As MoviePass struggles, Sinemia intends to thrive

In the beginning, there was MoviePass. It was a revolutionary service that let you go see as many movies as you liked, in theaters, for a flat $10 a month. (Here’s my interview with the CEO in happier times.)

Amazing! Irresistible! Boom: 3 million people signed up. They may have wondered how MoviePass was a sustainable business, but they signed up.

Turns out MoviePass was not a sustainable business. As its parent company’s stock crashed, the service kept going out, and its doom seemed imminent, the company began tweaking the terms of the deal.

They said you couldn’t see a movie more than once. They said it was no longer unlimited: now it was three movies a month, tops.

Nowadays, you don’t get to choose the movies! MoviePass offers you a choice of six movies each day—typically movies you’ve never heard of. (Today’s movies, for example, include such limited-release no-names as “On Her Shoulders,” “Indivisible,” and “Border.”)

You can practically hear the death rattle with every new desperate MoviePass email.

It’s a shame, because the concept has some real benefits. You win, because you save so much money. The theaters win, because they get paid full price for your ticket (and because they sell more snacks as more people go out). Movie studios win, because more people are going to see their movies—especially smaller and independent ones, which people often skip if they have a limited movie budget.

Too bad somebody couldn’t step in, fix what was unsustainable with the MoviePass concept, and try again.

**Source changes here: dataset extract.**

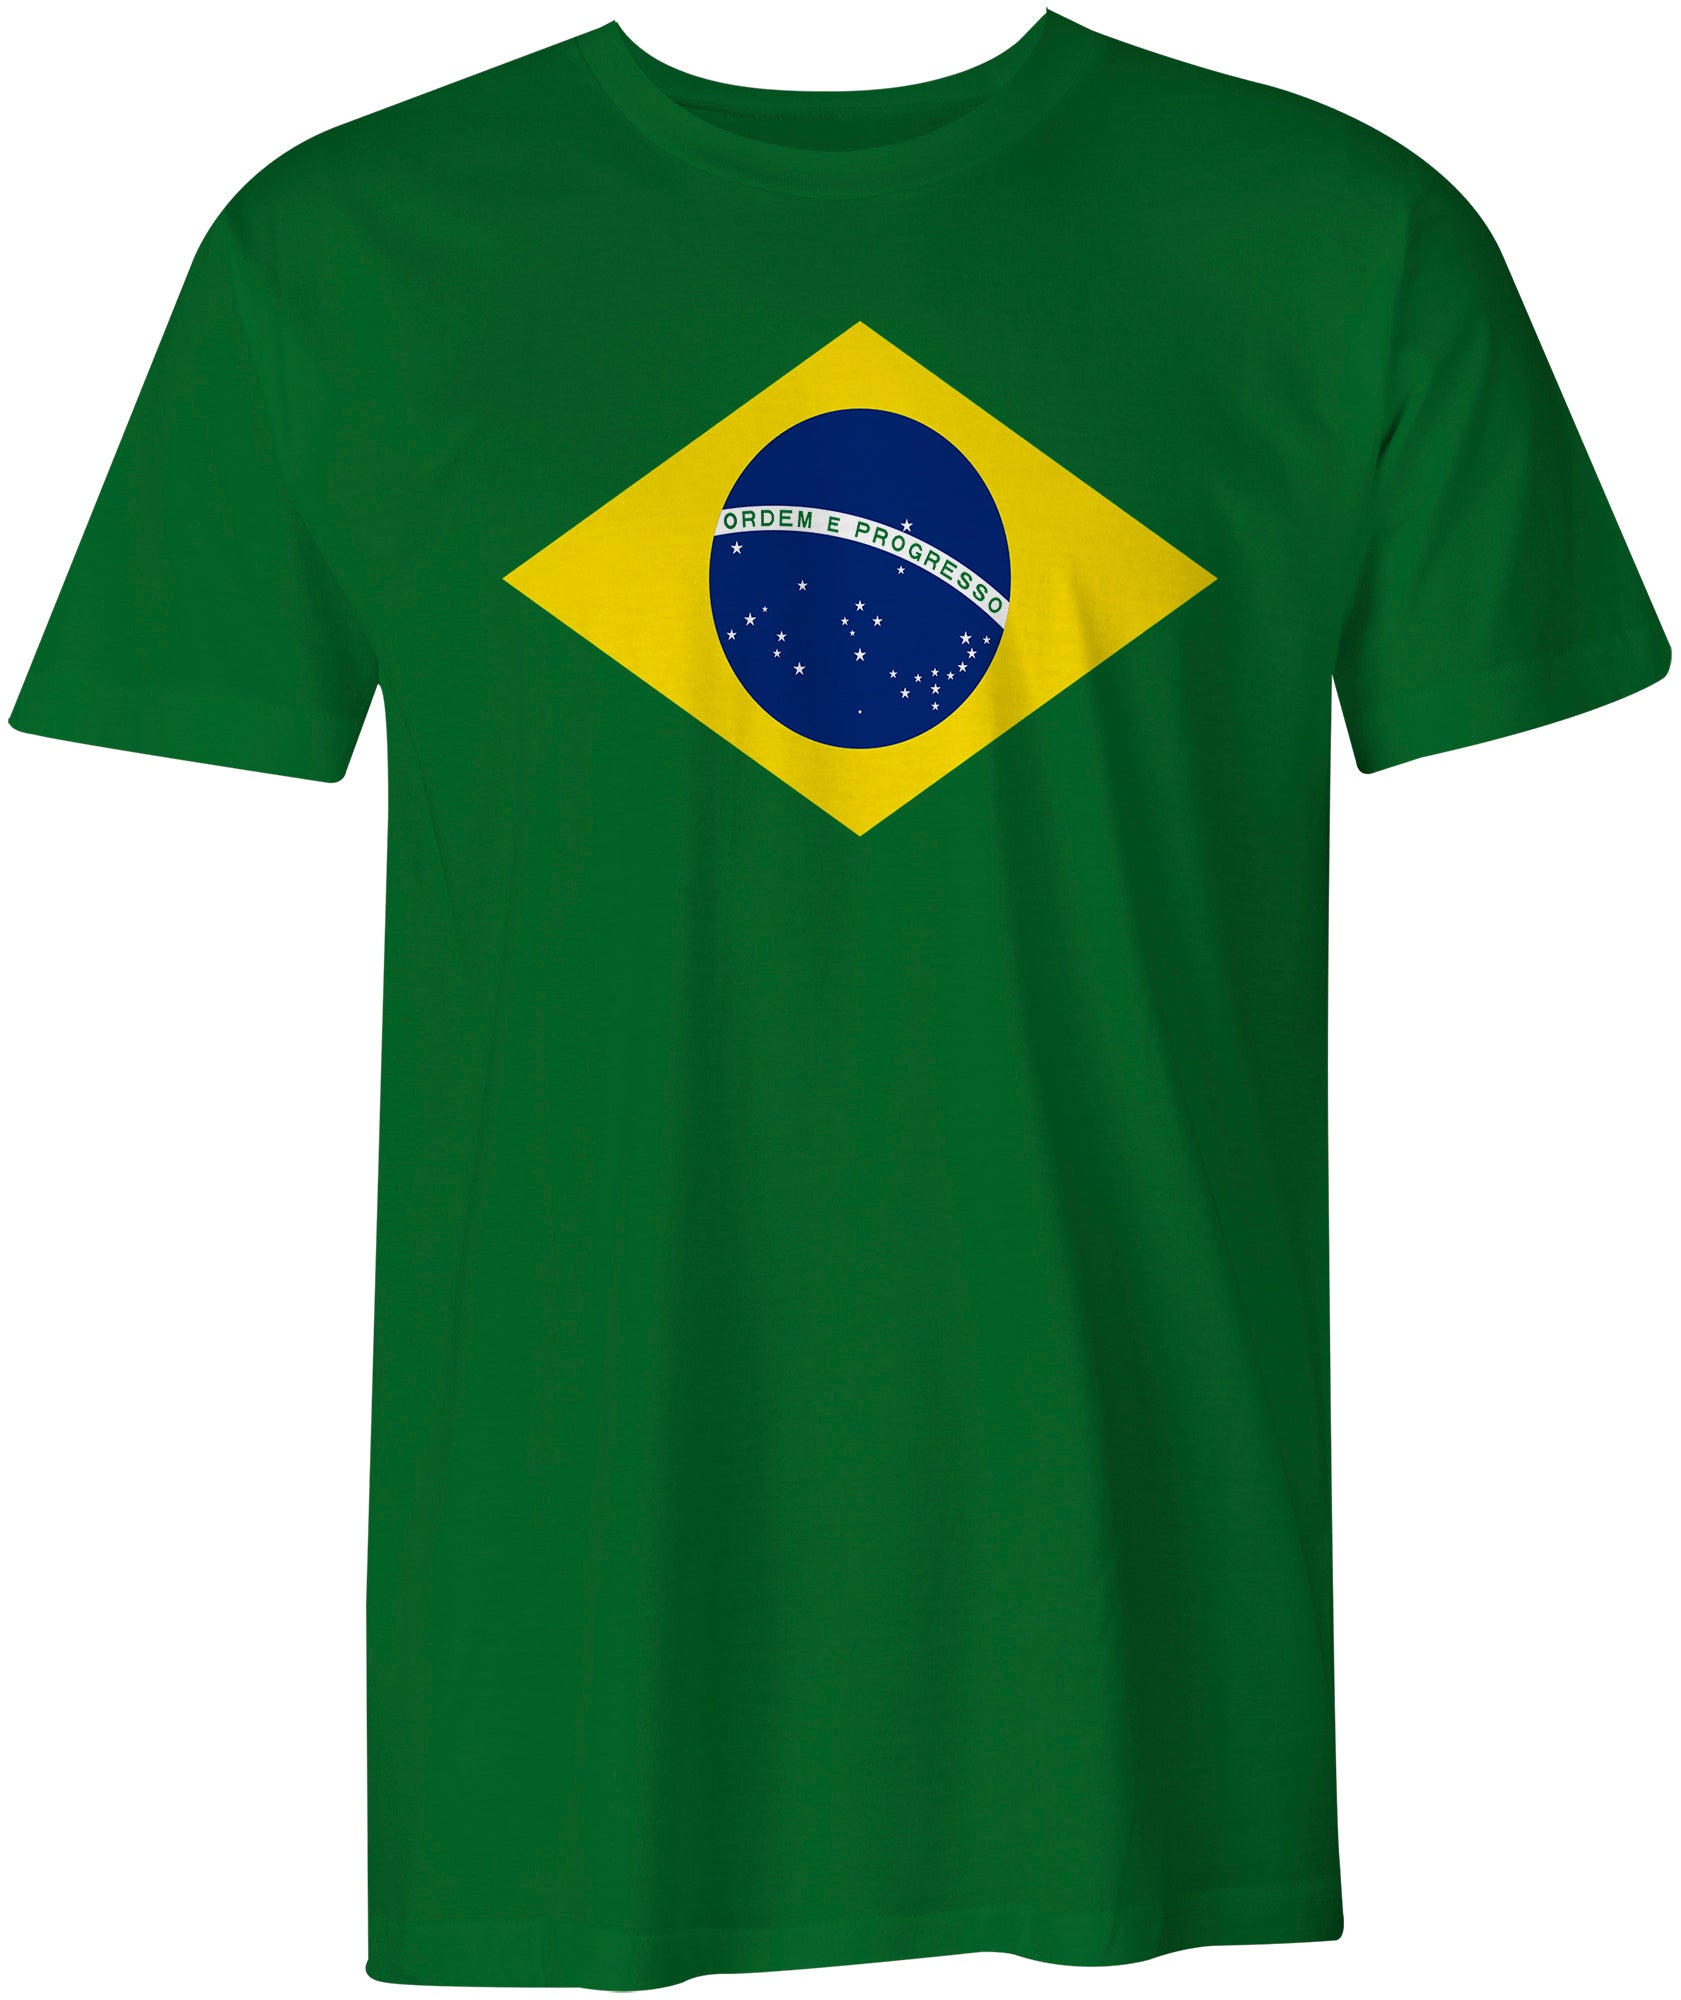 Giant Flag of Brasil Brazil Brazilian Bandeira do Brasil
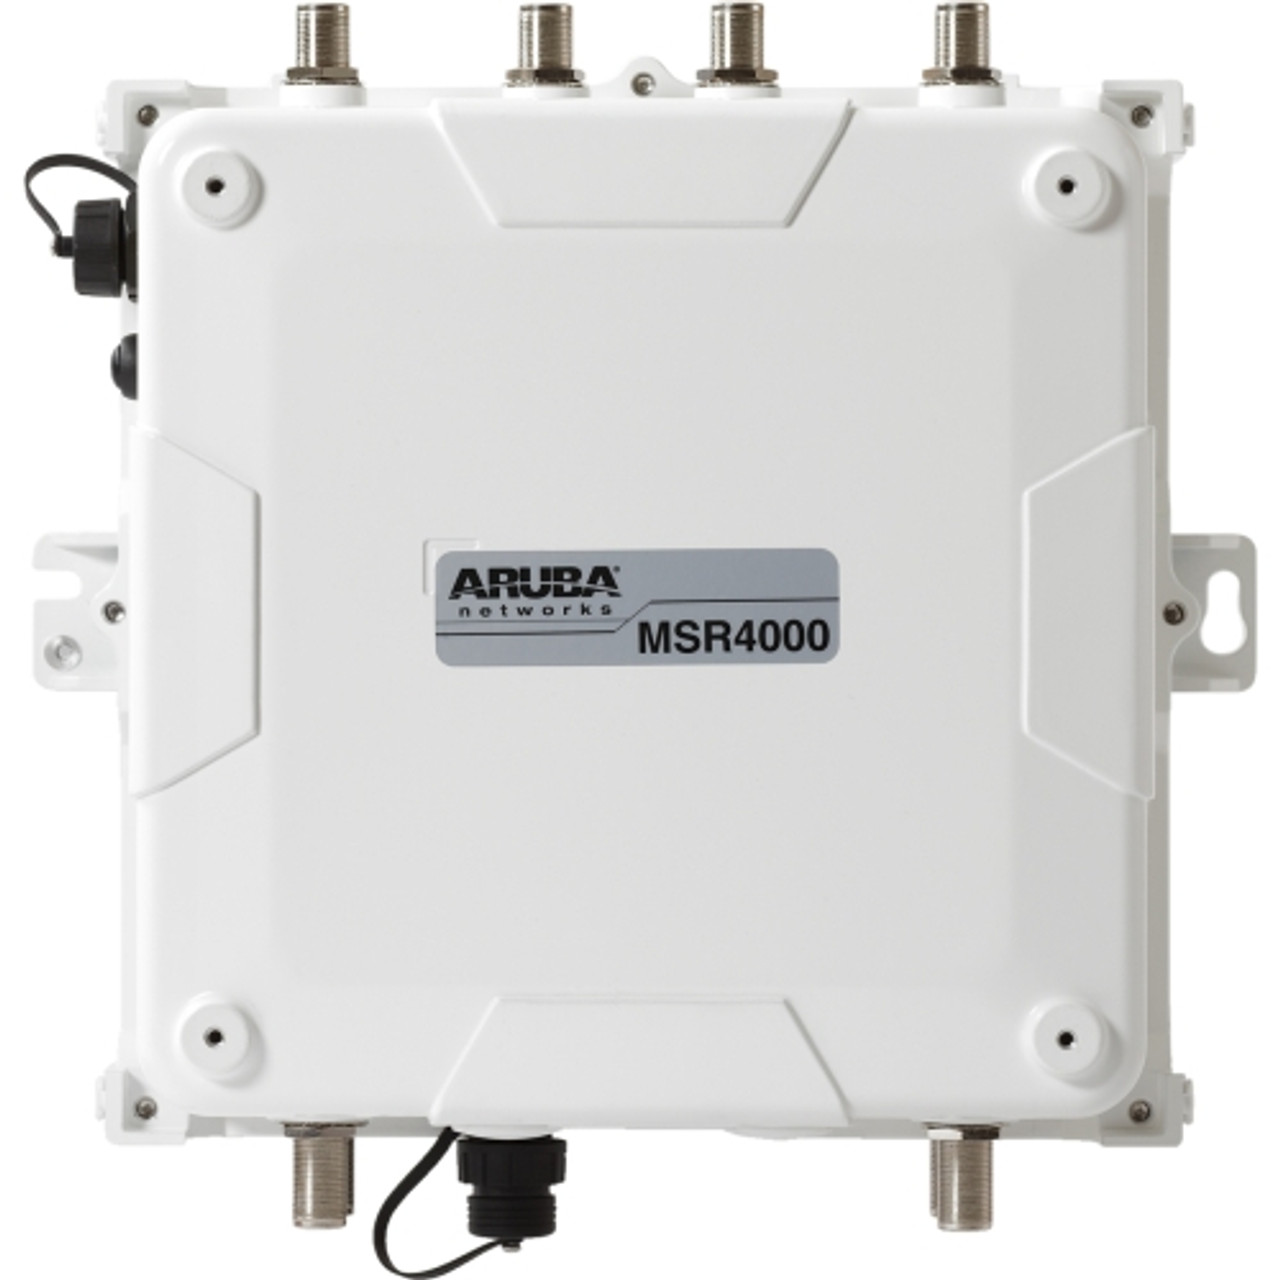 MSR4K43N0 Aruba Networks AirMesh MSR4000 IEEE 802.11n Wireless Router (Refurbished)

Somebody has. It’s called Sinemia.

How it works

The big difference is that Sinemia’s plans are not unlimited. CEO Rifat Oguz insists that it’s impossible to offer an unlimited number of movies for $10 a month.

Instead, he limits the number of movies you can see. You can see one movie a month for $5, or three movies for $9. Any movie, almost any theater. That’s still a fairly massive discount if you see movies regularly.

There are also Elite plans, which cost more but include 3-D movies and one IMAX movie a month. Those plans are capped at two or three movies a month (for $13 and $18).

(You can pay month by month and quit any time, but only if you pay a $20 initiation fee. There’s no fee if you agree to an annual contract.)

Sinemia offers a lot of plans, not especially clearly explained.
Sinemia offers a lot of plans, not especially clearly explained.

I find all of those plans confusing. It’s made worse by the fact that they change constantly, fluctuating up or down by a dollar or two (just as MoviePass’s plans have for years). “We’re A/B testing everything,” Oguz told me. “You need to price so smart that you will be sustainable. This is so important.”